Second, Gijs-Jan Scholten (PhD candidate, van Roon-Mom lab, LUMC) reached out via email and requested support for ATXN1/SCA1 allele-selective ASO design. SCA1 is caused by polyglutamine expansion in ATXN1 and, analogously to FHM1, requires allele-selective targeting to spare the wildtype allele. It was actually at the moment I first saw Mr. Scholten's email when I realized AlleleSelect could be useful beyond my little corner of migraine genetics.

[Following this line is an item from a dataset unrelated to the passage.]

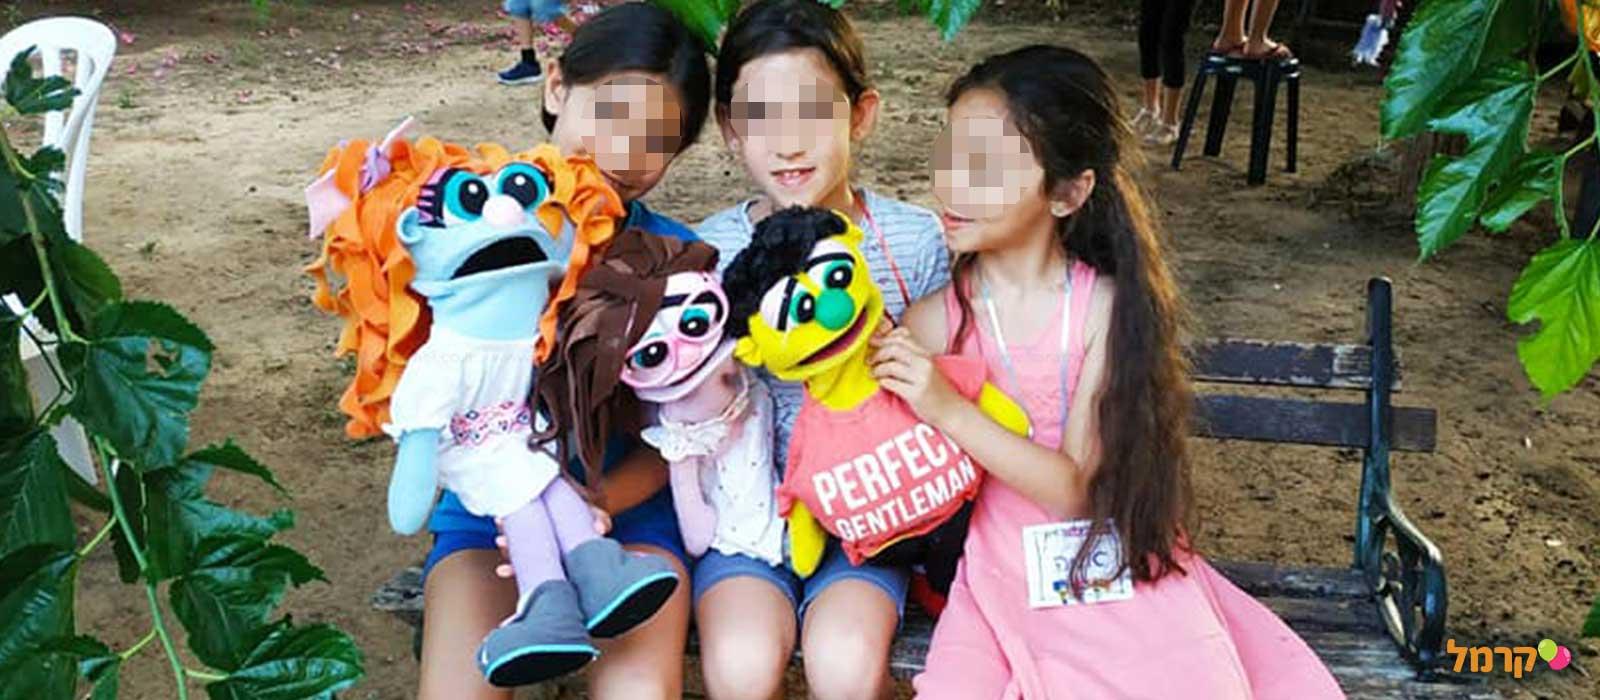 הבובות של סיון - חגיגה של יצירה - 073-7840297

This is when I initially began considering disease agnosticism for the tool.

v3 changes implemented: --gene flag for output labeling, --no-splice-check flag for non-CACNA1A transcripts, and get_splice_positions_for_transcript() generic Ensembl-based splice site lookup in scoring/splice.py. The thermodynamics, accessibility, SNP position scoring, and toxicity screening were already gene-agnostic. AlleleSelect now functions as a general allele-selective gapmer design pipeline for any dominant neurological disease with a targetable SNP. The correct transcript for ATXN1/SCA1 is ENST00000436367.6 (MANE Select, NM_001128164.2).

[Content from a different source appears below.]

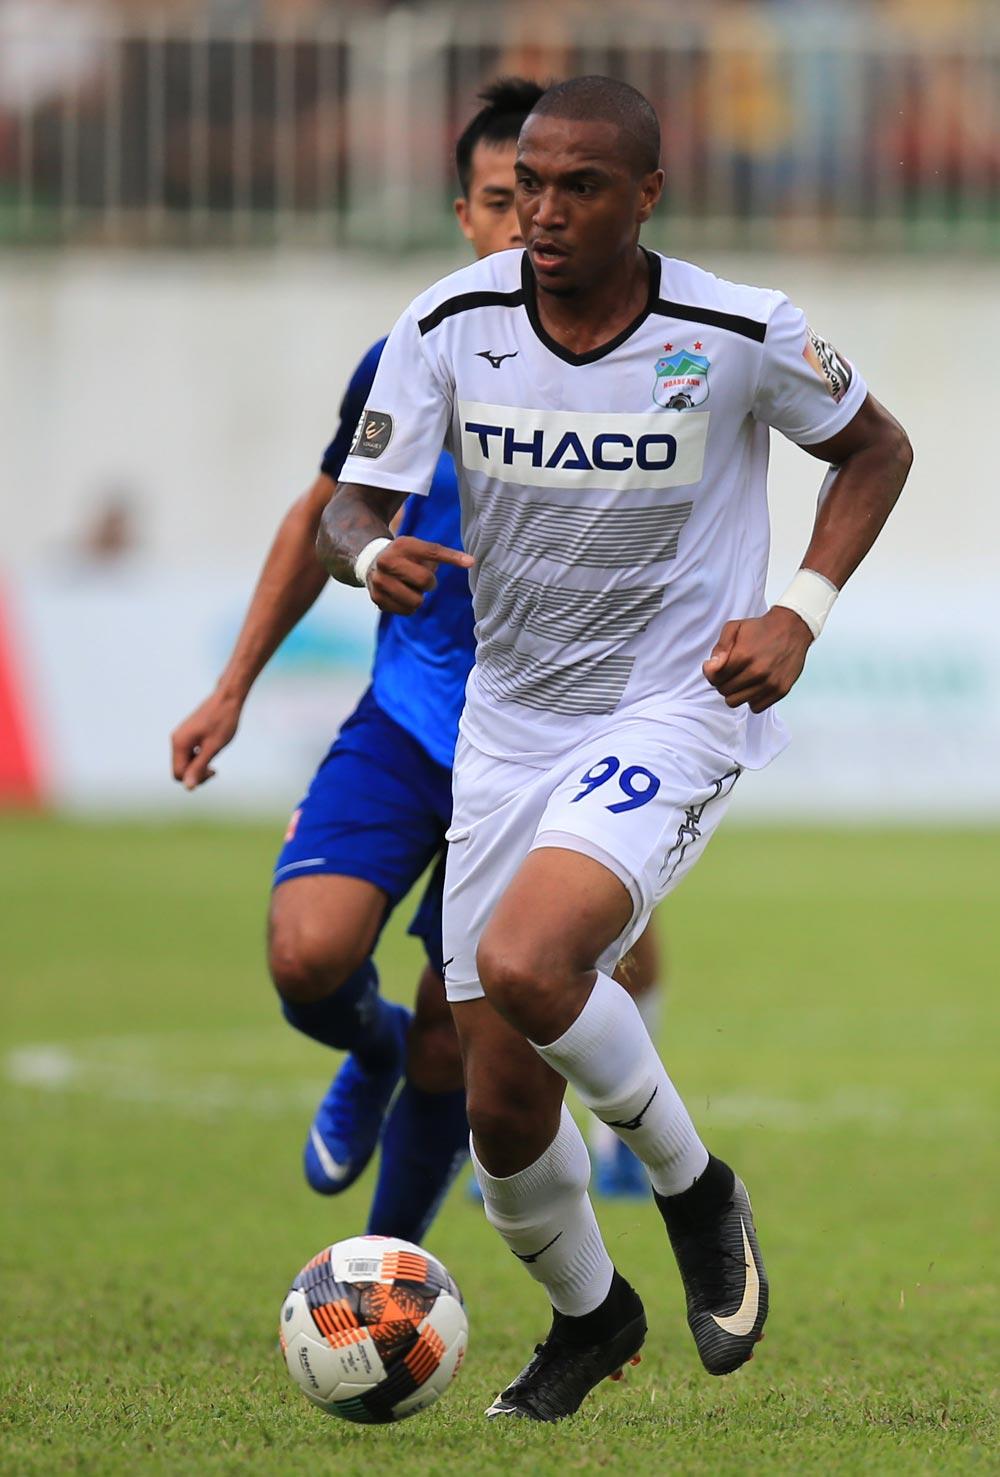 """Phong độ mờ nhạt, Filipe Martins đang là """"gót chân Achilles"""" của HAGL - Bóng Đá"""

Live AlleleSelect Report - R192Q Run

Interactive candidate report for CACNA1A R192Q (v2 pipeline): the HTML report displays all 210 ASO candidates ranked by composite score (40% ASR, 35% SNP position, 25% accessibility). Columns include ASO sequence, length, allele selectivity ratio (ASR, kcal/mol), SNP position within the ASO (1‑indexed), position score (0–1, center=best), RNAfold accessibility (0–1, higher=more open), BLASTn off‑target count against GENCODE v44, toxicity flags (CpG, G‑rich, etc.), and splice site proximity. Click any column header to sort; hover over the interactive scatter plot to see candidate details. The top candidate AS_21_564 (composite 0.664, ASR –1.335, SNP at position 10, accessibility 0.443) and the clean backup AS_21_565 (SNP at exact gap center, position score 1.000, unscreened off‑targets) are highlighted. The report is self‑contained and opens in any browser.

PHASE 8: RNase H Cleavage Site Integration + Sugar Pucker – v4

Following expert feedback and preparation for experimental collaborations with Dr. Fikri Birey (Emory, CACNA1A A713T ASO work) and Dr. Sara Aguti and Dr. Haiyan Zhou (UCL, COL6A3 allele-selective gapmer work), four improvements were implemented in v4. Additionally, wing-position scoring was revised in v5 based on independent confirmations from two researchers.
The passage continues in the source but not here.